Abstract: This paper investigates how to build, systematically configure, and rigorously explains a transformer-based bug detection system. The central argument is that trustworthy explainability requires first establishing which model is worth explaining and in which configuration. We evaluate three approaches on the lrhammond/buggy-apps dataset (8,778 balanced samples): a TF-IDF baseline, DistilBERT, and GraphCodeBERT. DistilBERT exhibited mode collapse across all tested learning rates, confirming that general-purpose language model pretraining is insufficient for code defect detection — a prerequisite finding that motivates the choice of GraphCodeBERT for explainability analysis.

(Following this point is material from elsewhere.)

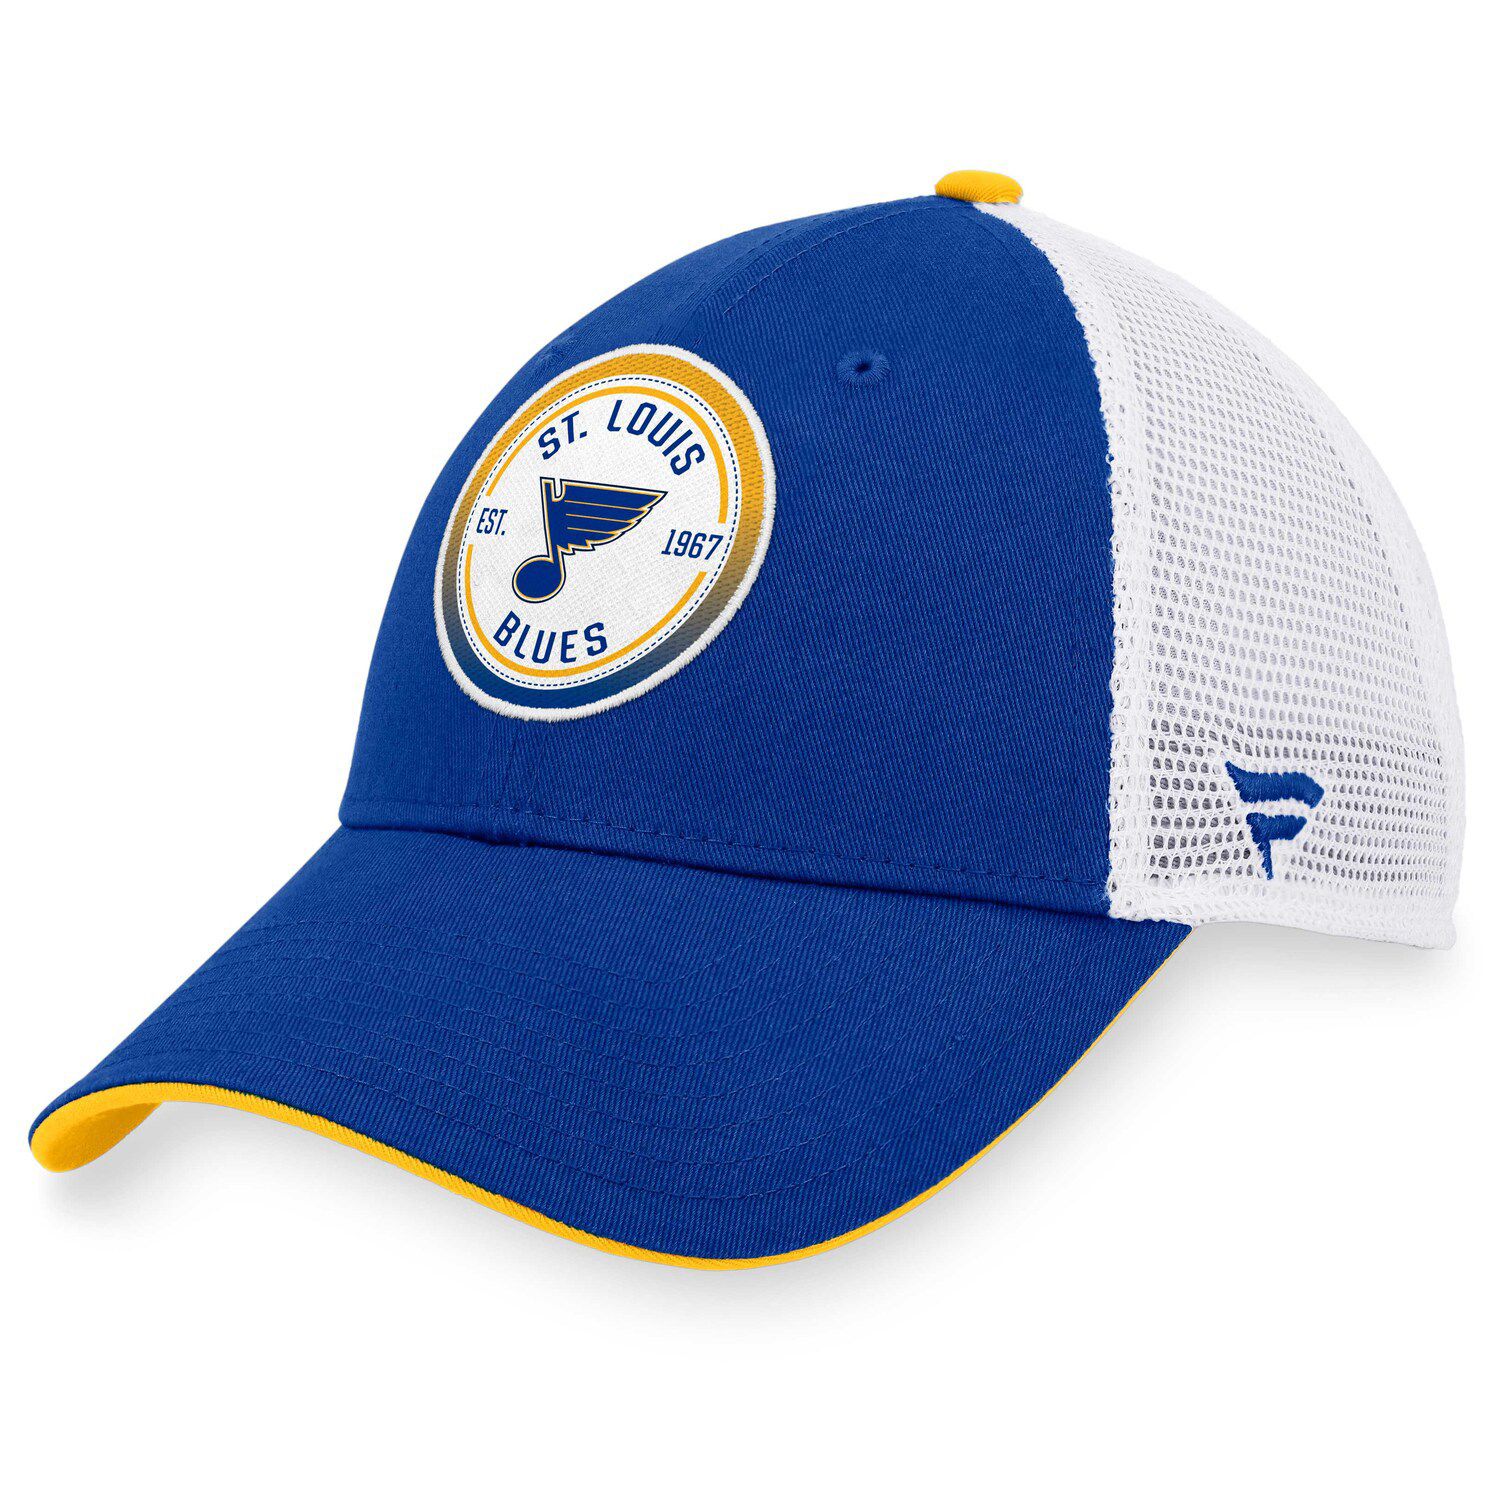 Men's Adidas Blue St. Louis Blues Locker Room Adjustable Hat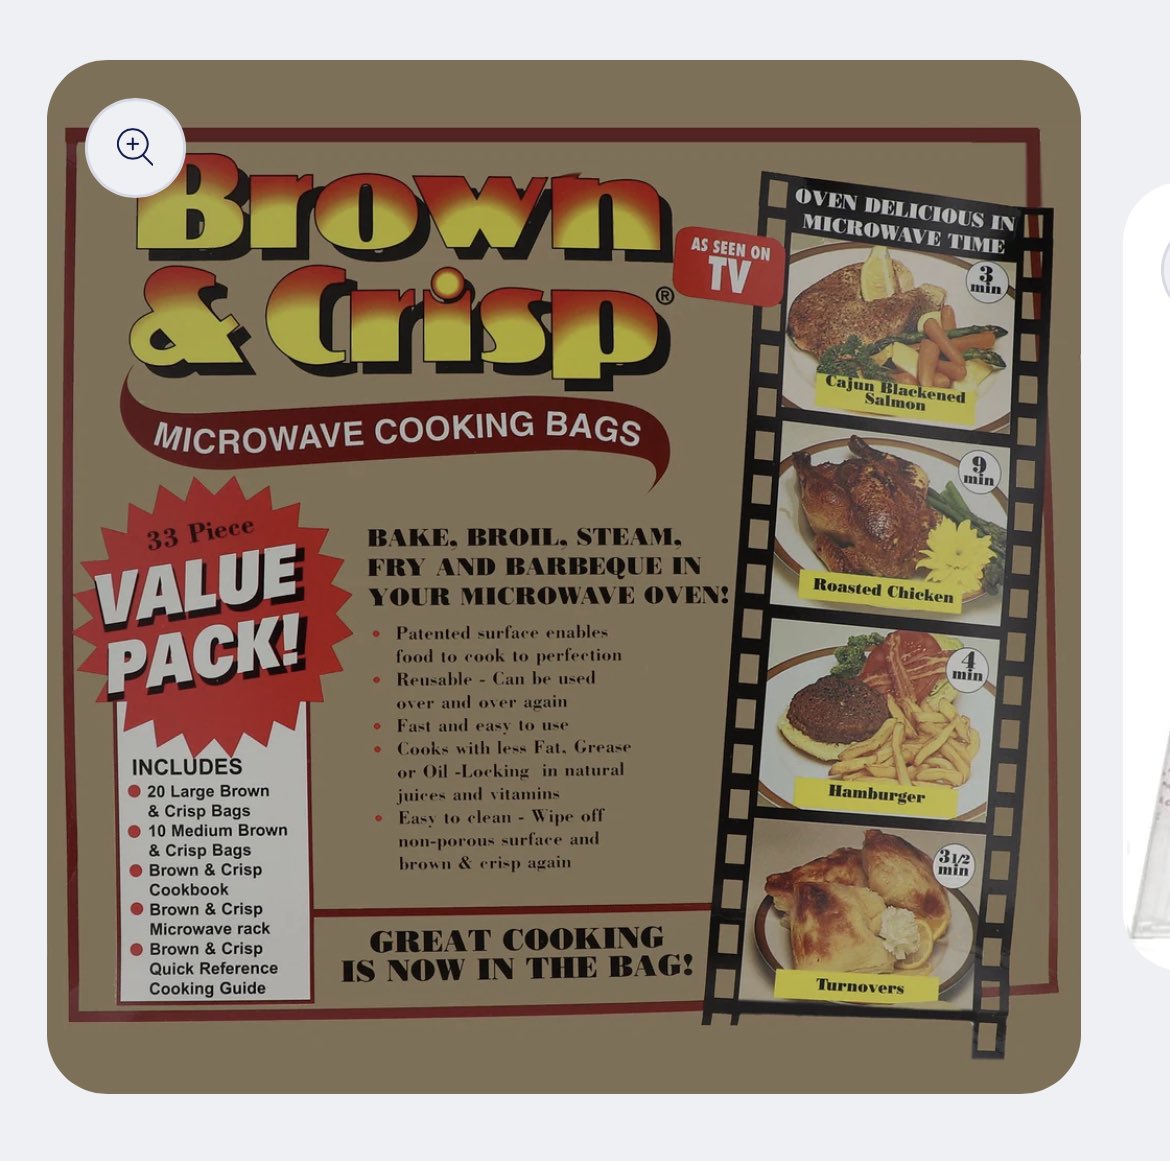 Brown & Crisp Microwave Cooking Bags- 33 Piece Value Pack

A systematic ablation across three stride configurations (128, 256, 384 tokens) and three aggregation strategies (max, mean, majority vote) yields nine experimental conditions; stride 256 with mean aggregation is the optimal configuration (70.77% accuracy, 69.56% macro F1, p = 5.26 × 10⁻³³ vs TF-IDF, McNemar's test). Explainability analysis via attention rollout and integrated gradients across ten test samples reveals that integrated gradient signal strength is 11.8× stronger for correctly detected bugs than for misclassified samples — providing a gradient-based, quantitative explanation of model failure modes. Attention rollout and integrated gradients show near-zero cross-method correlation (mean r = −0.017), empirically confirming they are non-redundant and complementary methods.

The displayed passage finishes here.